Activity
Go over the data below line by line, and state how many lines contain the string "Photo". Give the number only.

The data
········

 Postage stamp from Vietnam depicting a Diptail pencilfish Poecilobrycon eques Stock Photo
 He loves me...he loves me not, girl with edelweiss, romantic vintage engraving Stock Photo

········

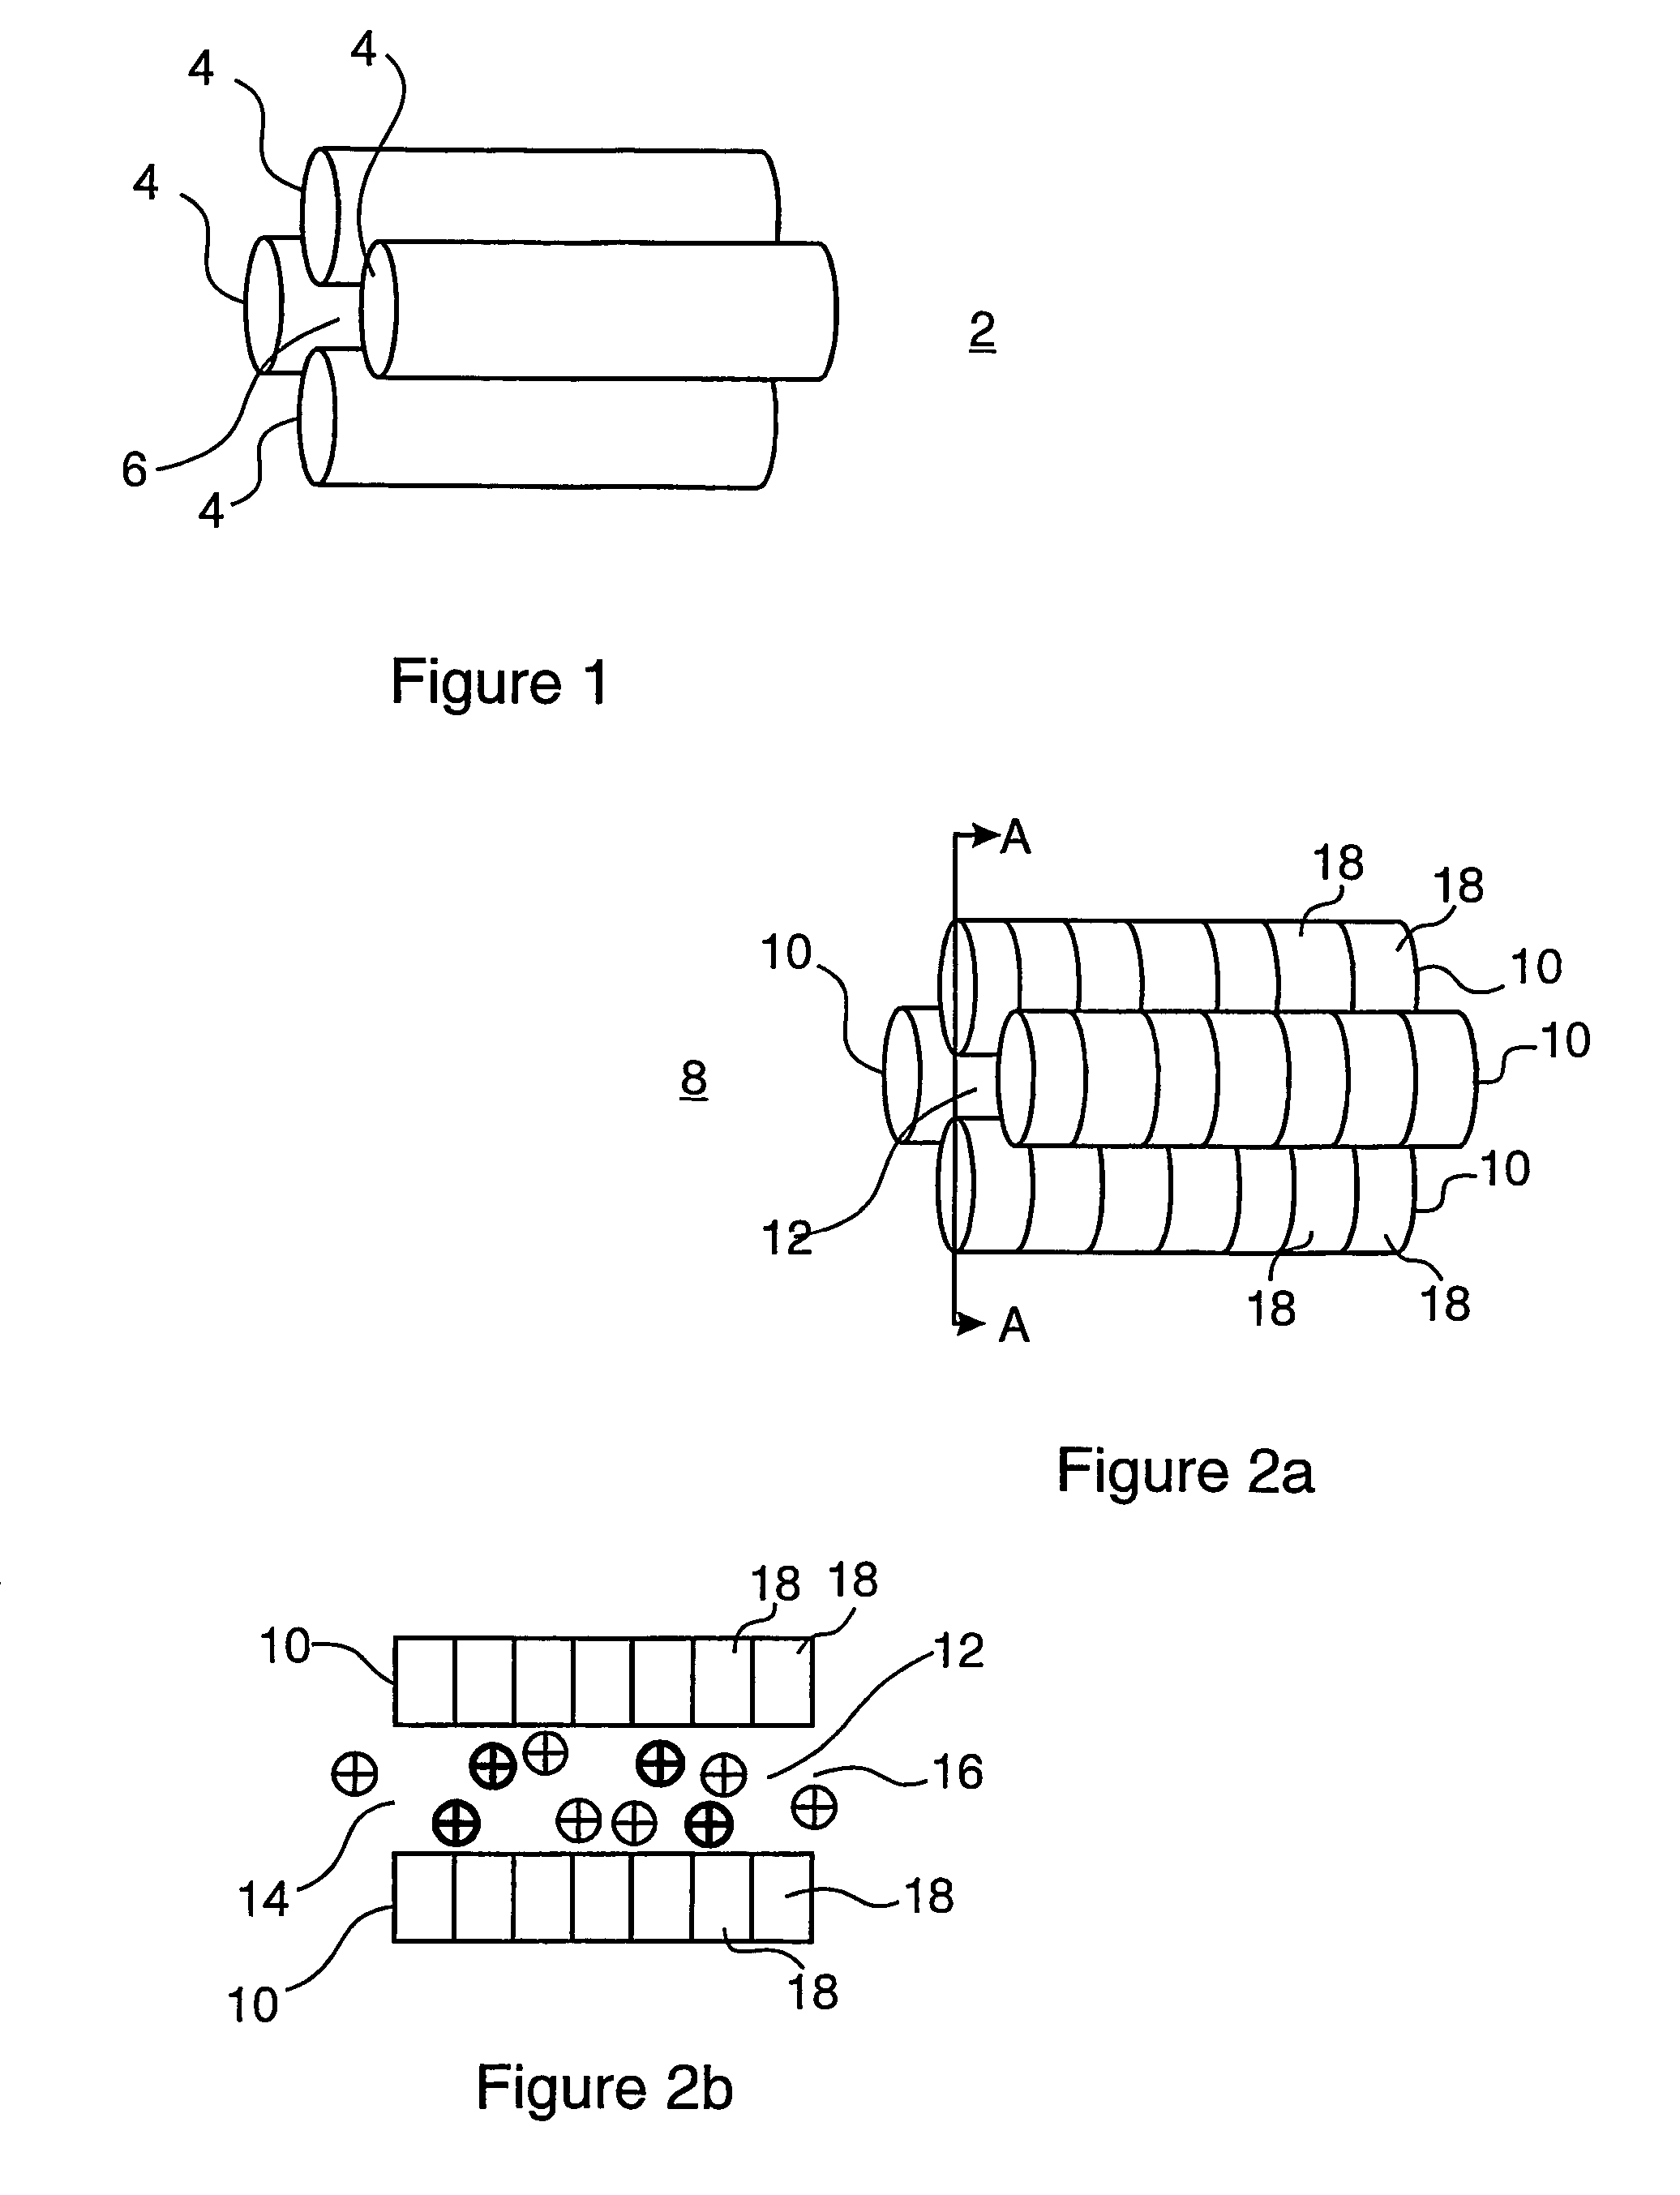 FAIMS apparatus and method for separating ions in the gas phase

········

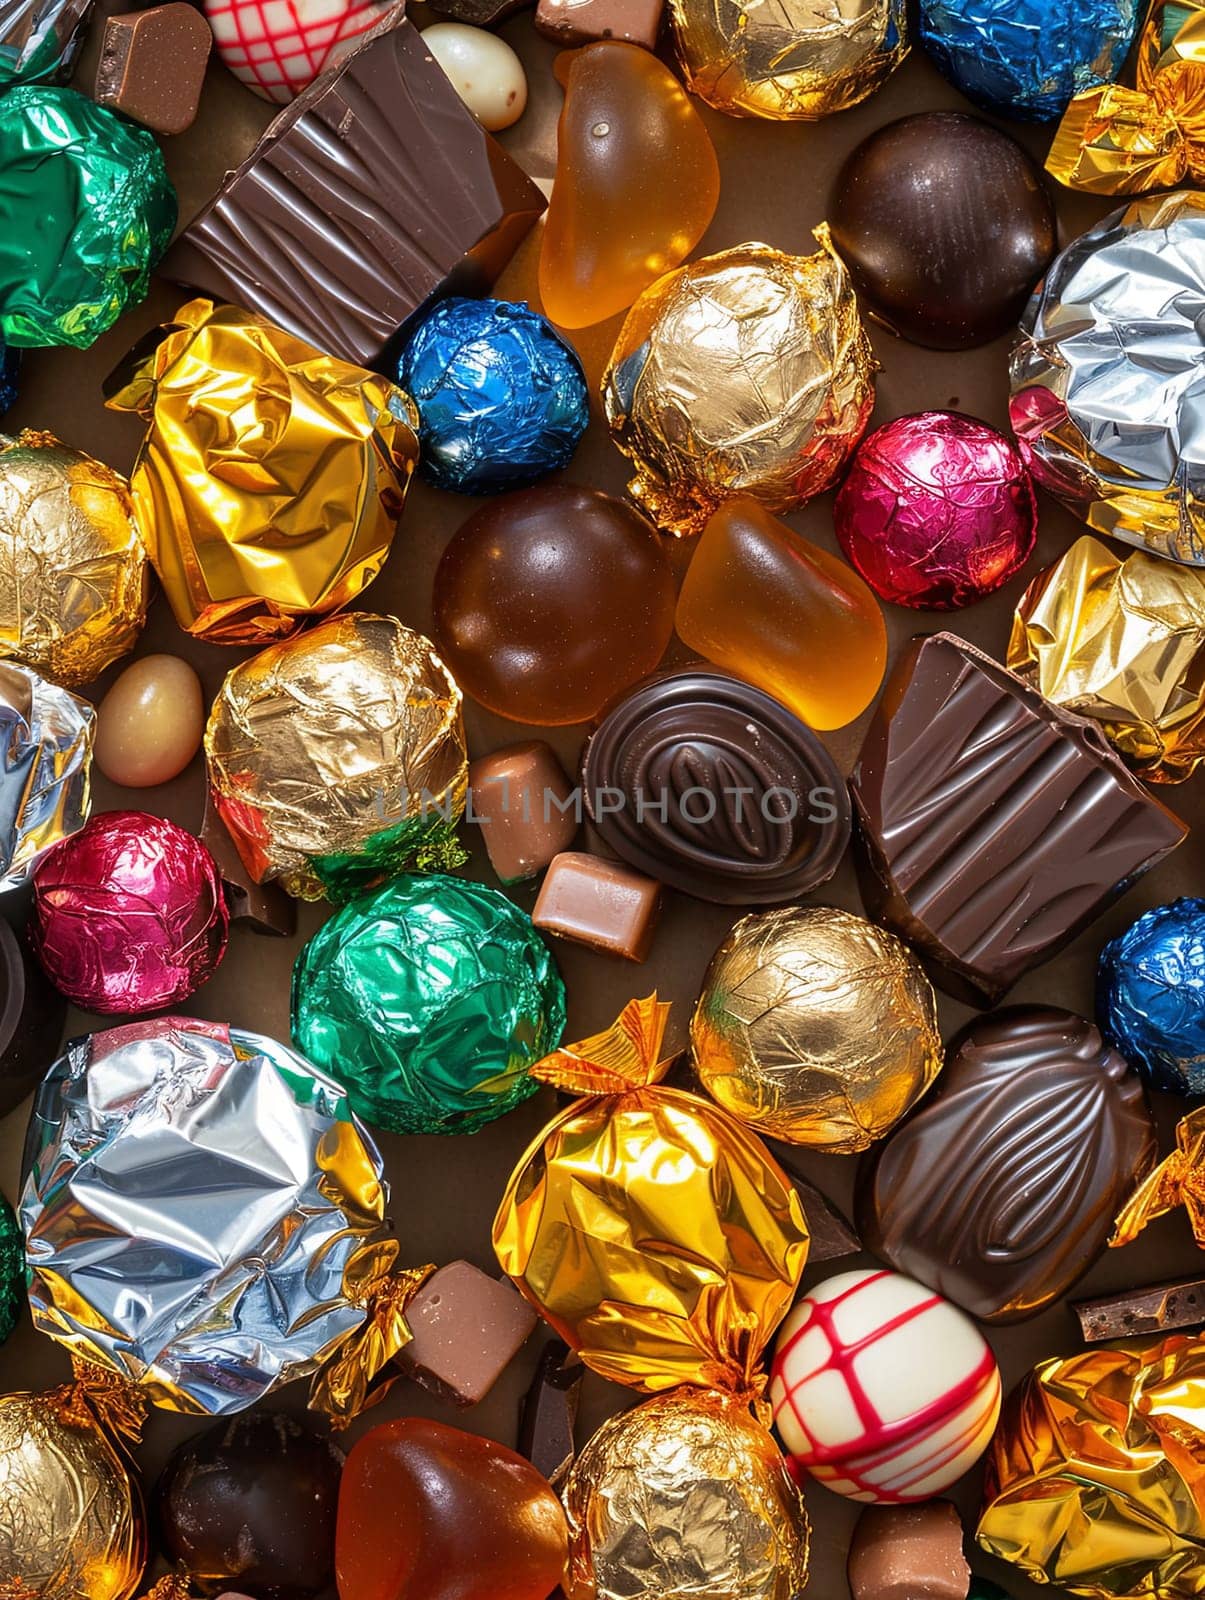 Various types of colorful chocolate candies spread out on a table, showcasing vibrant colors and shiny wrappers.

········

Exercise solution
2